- Born: August 8, 1922 Buffalo, New York, U.S.
- Died: August 16, 2022 (aged 100) Palo Alto, California, U.S.

Academic background
- Education: Rensselaer Polytechnic Institute (BS) Syracuse University (PhD)
- Thesis: On some properties of the solution of a class of non-linear partial differential equations
- Doctoral advisor: Abe Gelbart

Academic work
- Discipline: Mathematics
- Sub-discipline: Minimal surfaces Quasiconformal mapping
- Institutions: University of Southern California California Institute of Technology Stanford University
- Doctoral students: Joel Spruck Luen-Fai Tam

= Robert Finn (mathematician) =

American mathematician (1922–2022)

Robert Samuel Finn (August 8, 1922 – August 16, 2022) was an American mathematician who worked in differential geometry, complex analysis and mathematical physics.

==Early life and education==
Finn was born in Buffalo, New York.
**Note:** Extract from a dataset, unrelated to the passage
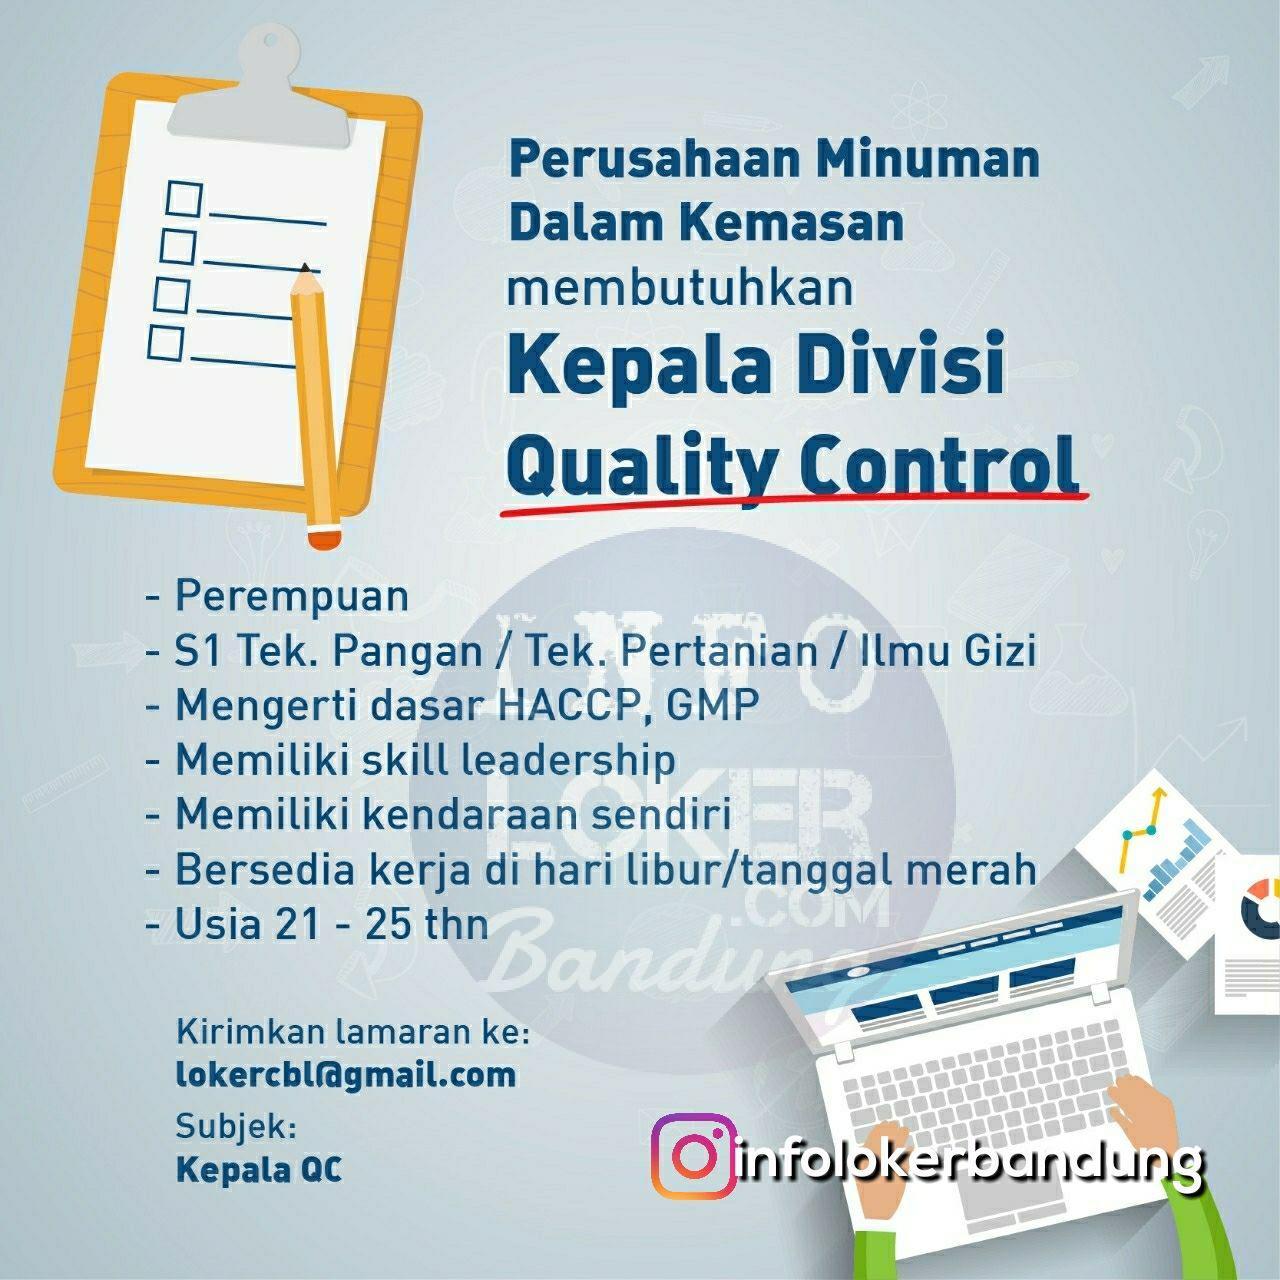 Lowongan Kerja Kepala Divisi Quality Control Perusahaan Minuman Dalam Kemasan Bandung April 2018

He earned a Bachelor of Science degree in physics from Rensselaer Polytechnic Institute and a PhD in mathematics from Syracuse University. Studying under Abe Gelbart, Finn completed a thesis titled On some properties of the solution of a class of non-linear partial differential equations.

== Career ==
He completed post-doctoral research at the Institute for Advanced Study in 1953 and at the Institute for Hydrodynamics of the University of Maryland from 1953 to 1954. In 1954, he became an assistant professor at the University of Southern California and in 1956 an associate professor at California Institute of Technology. Beginning in 1959, he was a professor at Stanford University.
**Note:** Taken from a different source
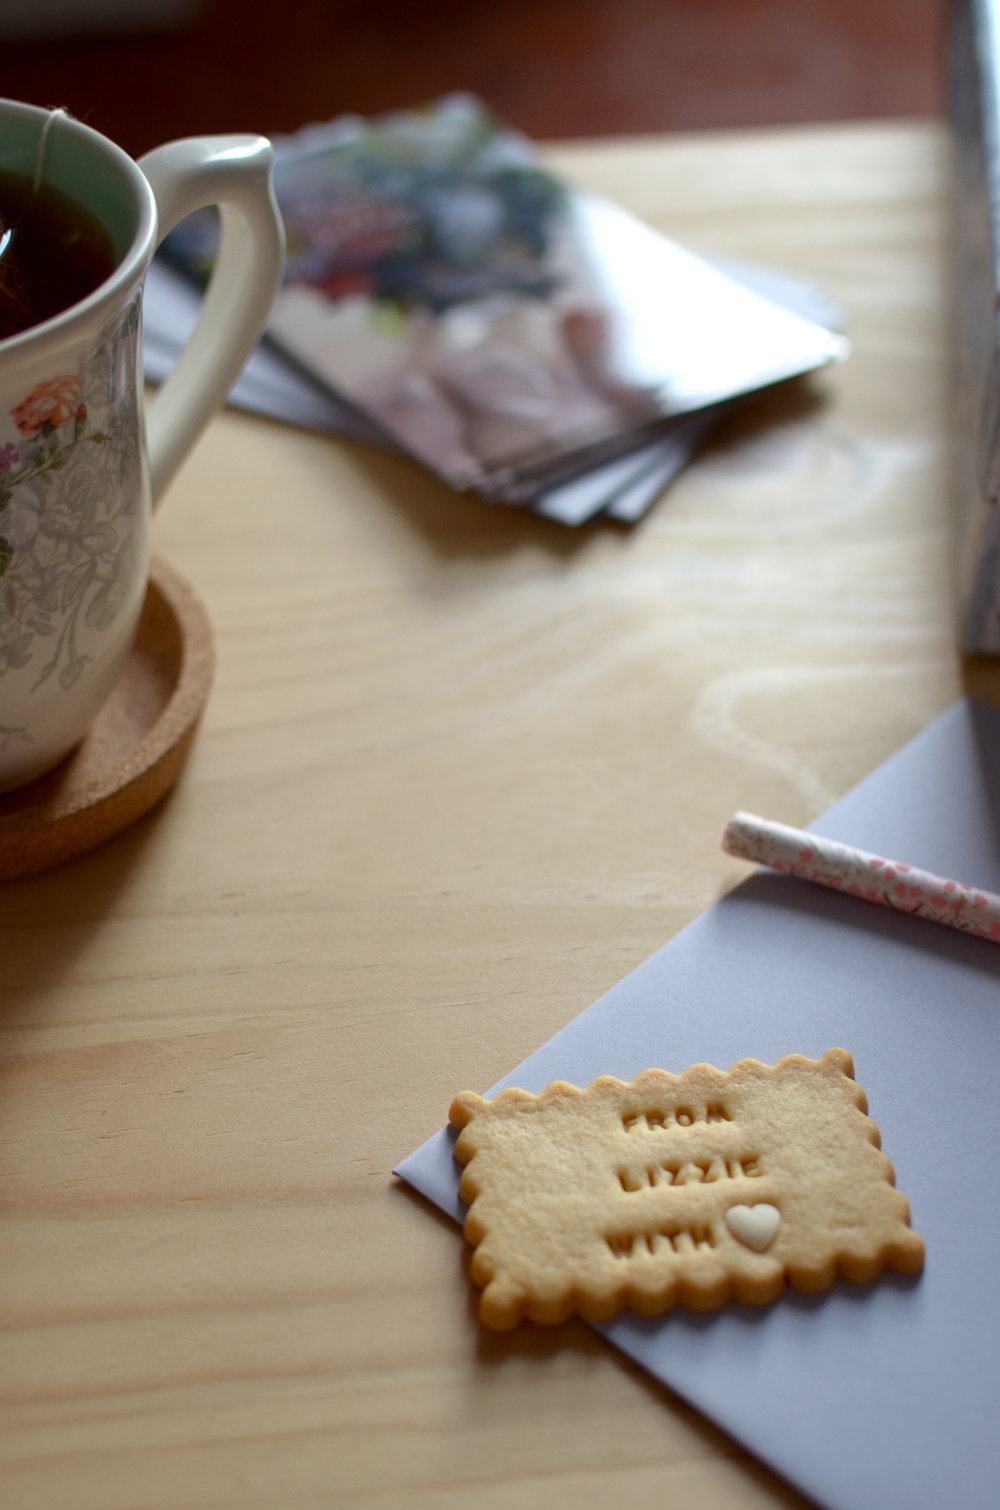 twinky lizzy blog aix en provence - shanty biscuits 10.jpg

At the beginning of his career, Finn did research on minimal surfaces and quasiconformal mappings and later in his career on mathematical problems of hydrodynamics, such as mathematically rigorous treatments of capillary action. He was a visiting professor at the University of Bonn and several other universities. He was an exchange scientist in 1978 at the Soviet Academy of Sciences and in 1987 at the German Academy of Sciences at Berlin. In 1994 he received an honorary doctorate from the Leipzig University. For the academic years 1958–1959 and 1965–1966, he held Guggenheim Fellowships. From 1979, he was an editor of the Pacific Journal of Mathematics.

== Personal life ==
Finn turned 100 on August 8, 2022. He died eight days later, in Palo Alto, California, on August 16, 2022.

==Selected works==
- Finn, R. (1953). "A Property of Minimal Surfaces"
- Finn, R. (1954). "On the Flow of a Perfect Fluid through a Polygonal Nozzle. I"
- Finn, R. (1954). "On the Flow of a Perfect Fluid through a Polygonal Nozzle. II"
- with Paul Concus: Concus, P. (1969). "On the Behavior of a Capillary Surface in a Wedge"
- "Equilibrium capillary surfaces" (1986)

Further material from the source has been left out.